I would respond to some of the serious points in this thread, but it would get swallowed by most of the thread's ridiculousness. I will say that this thread was my main source of entertainment during my commute tonight, however. I am grateful for the incredible entertainment!Kevin-V
I had one question for something that caught my ear in your video review. I believe it was, "Everything you do is pretty much like the last thing you did." Also something about not caring for why you're going from point A to point B in a quest.
With Skyrim, it rarely felt like I ever did anything that wasn't exactly what I just did a few minutes ago. One quest I'll be in a Nordic dungeon. The next quest will also send me to a Nordic dungeon, but this time it goes up and it might have one of the three puzzles that are existant in this game. When the game had me doing something different, it was great. Now if only that actually happened more than a few times, I would appreciate the game a lot more.

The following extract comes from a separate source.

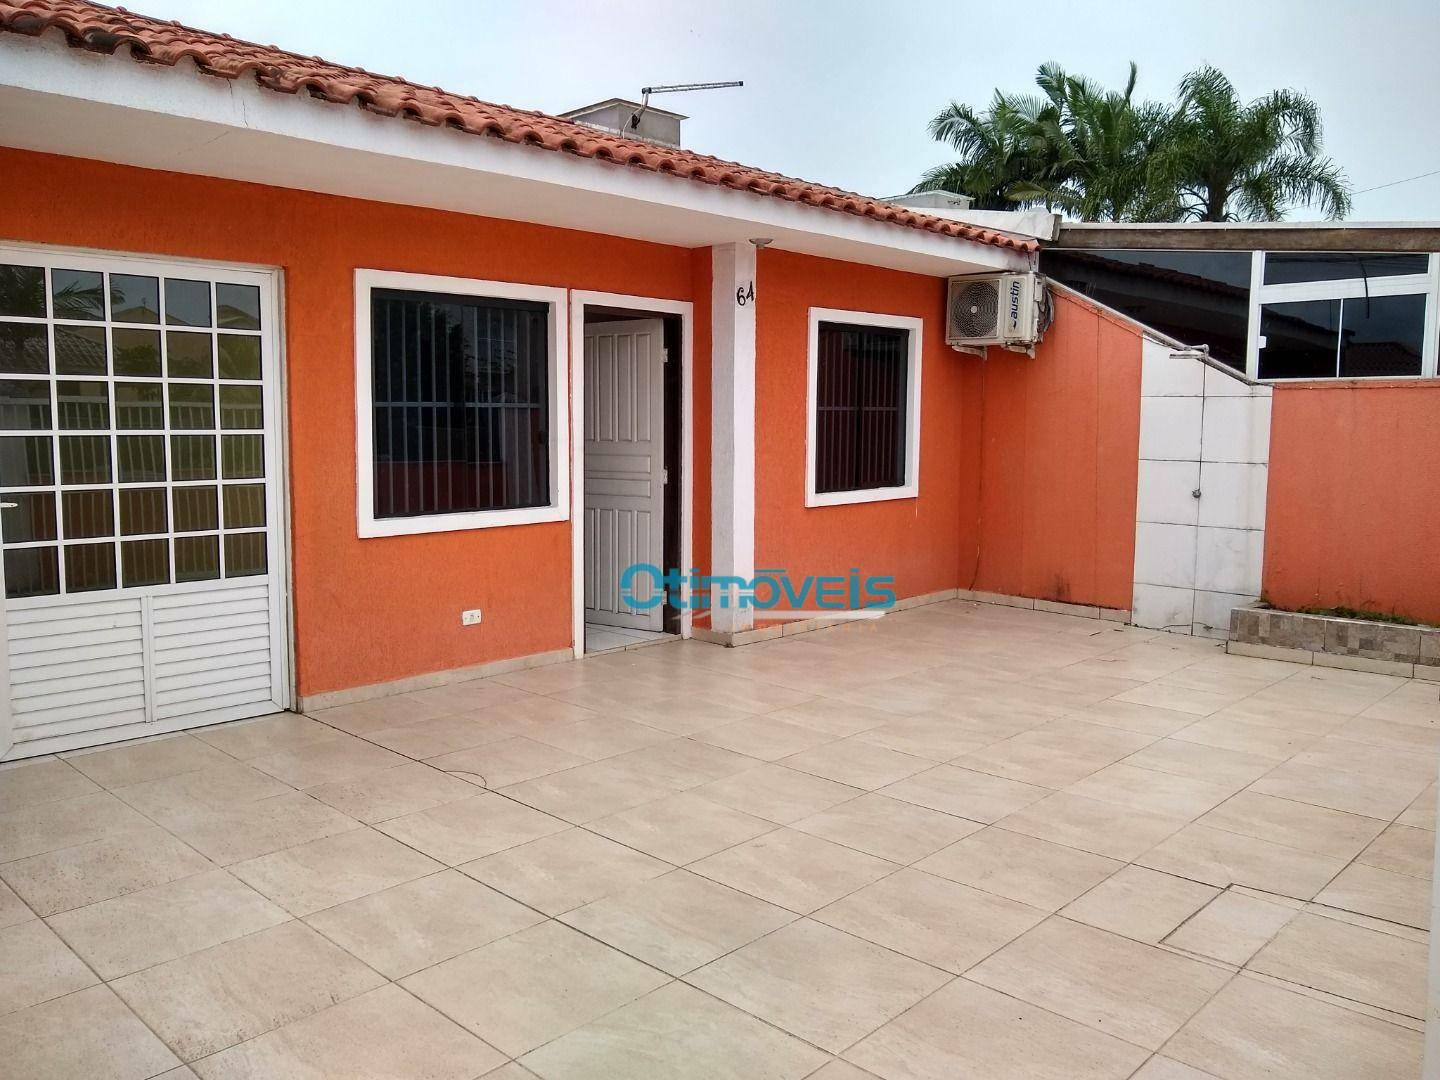 Casa com 2 quartos à venda - Primavera - Pontal do Paraná/PR

As for not caring where I'm being sent to, I rarely if ever had an interest in where I was being sent because it would result in nothing more than a gold reward and equipment I didn't need. After a certain amount of time, which would've been not even half way through the game, gold and equipment became useless. I had no use for it because I had already acquired better than I was receiving. It felt like nothing ever changed in the world, and my character never had an impact. Guards still ask if I'm fetching mead for the Companions and ignore the fact I'm now their "leader." The beggar is still just a beggar despite me donating what seemed like 1000 gold to him. No one knows that I'm the Arch-Mage of the College, but they still remember Saarthal.

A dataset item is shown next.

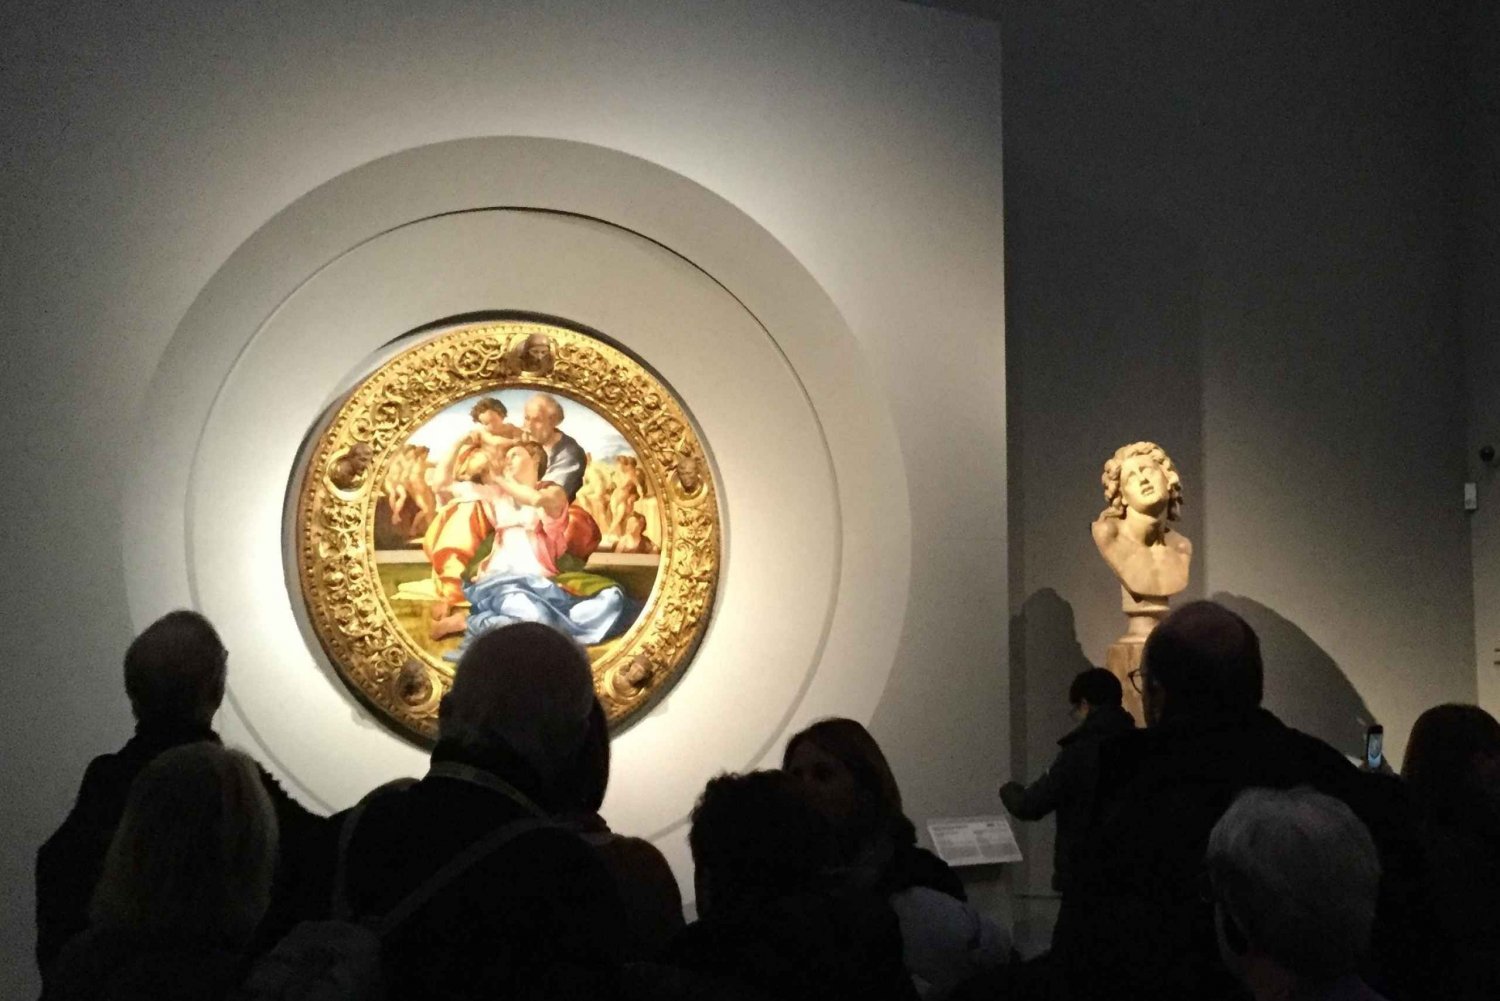 Firenze: Accademia ja Uffizin galleriat - 4-tuntinen opastettu kierros.

What exactly is Amalur doing different (or not) from what Skyrim did in regards to those two elements? The reason I'm brought this up is because I heard a few references to Skyrim in the video, though not pertaining to those statements I picked out, and I thought they needed more explanation as to what it does differently from last year's main RPG. Also is the balancing and difficulty as bad in Amalur as it is in Skyrim? With Skyrim, even on the hardest difficulty, as long as you have a resistance potion, dragons aren't anymore of a threat than that Bandit I found wandering the forest.